The Energy Ministry is not yet certain, either, if this requirement is fully compliant with EU laws. In a document submitted to the government, the ministry's specialists warn that an analysis is needed of how the requirement would comply with competition-related legislation, it wrote.
Rimantas Stanikūnas, former chairman of the Lithuanian Competition Council and now competition advisor with the law firm Bernotas & Dominas Glimstedt, warned that the obligation to purchase gas from the terminal would violate competition law.
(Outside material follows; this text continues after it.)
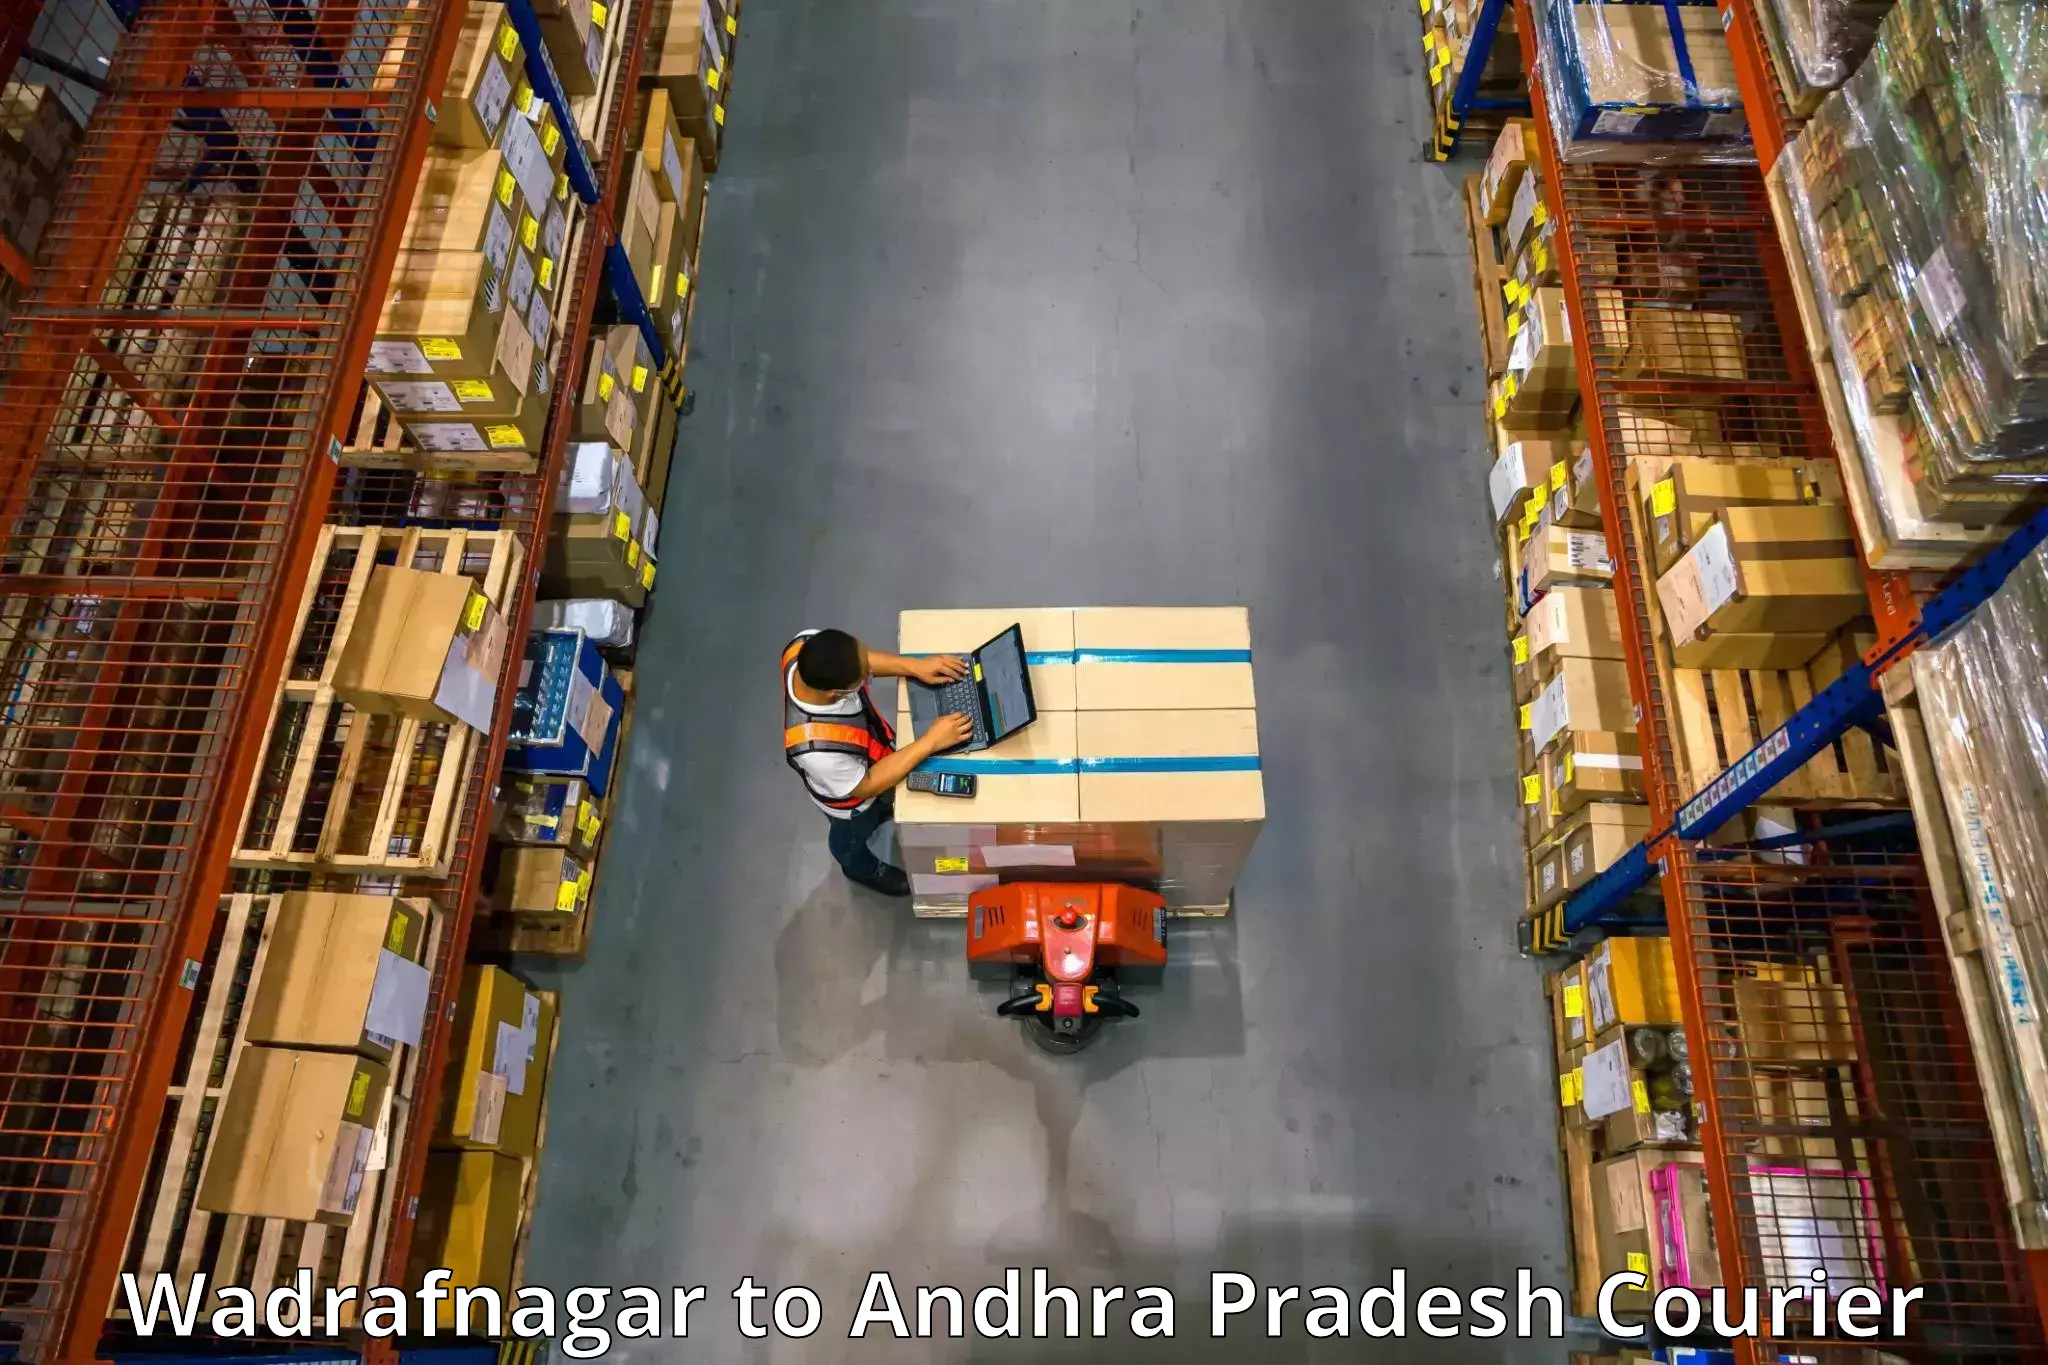 Trusted moving company Wadrafnagar to Doranala

"I oppose any requirements to purchase from one or another source. We live in a free market economy. It is clear to everybody that we buy where it is cheaper," Achema CEO Jonas Sirvydis told the paper. However, he would not say if the company would go to court over the requirement.
Earlier this year, nitrogen fertilizer producer Achema, one of Lithuania's biggest natural gas consumers, signed a new long-term contract, effective until 2015, with Russia's gas giant Gazprom.
Lithuania's natural gas import and distribution company Lietuvos Dujos (Lithuanian Gas) has so far made no comment on the issue. However, unofficially it says that the requirement goes against EU directives. Another gas supplier, Dujotekana, would like to see more cooperation between the government and suppliers.
Fourteen companies hold natural gas supply licenses in Lithuania, but only eight of them are operating.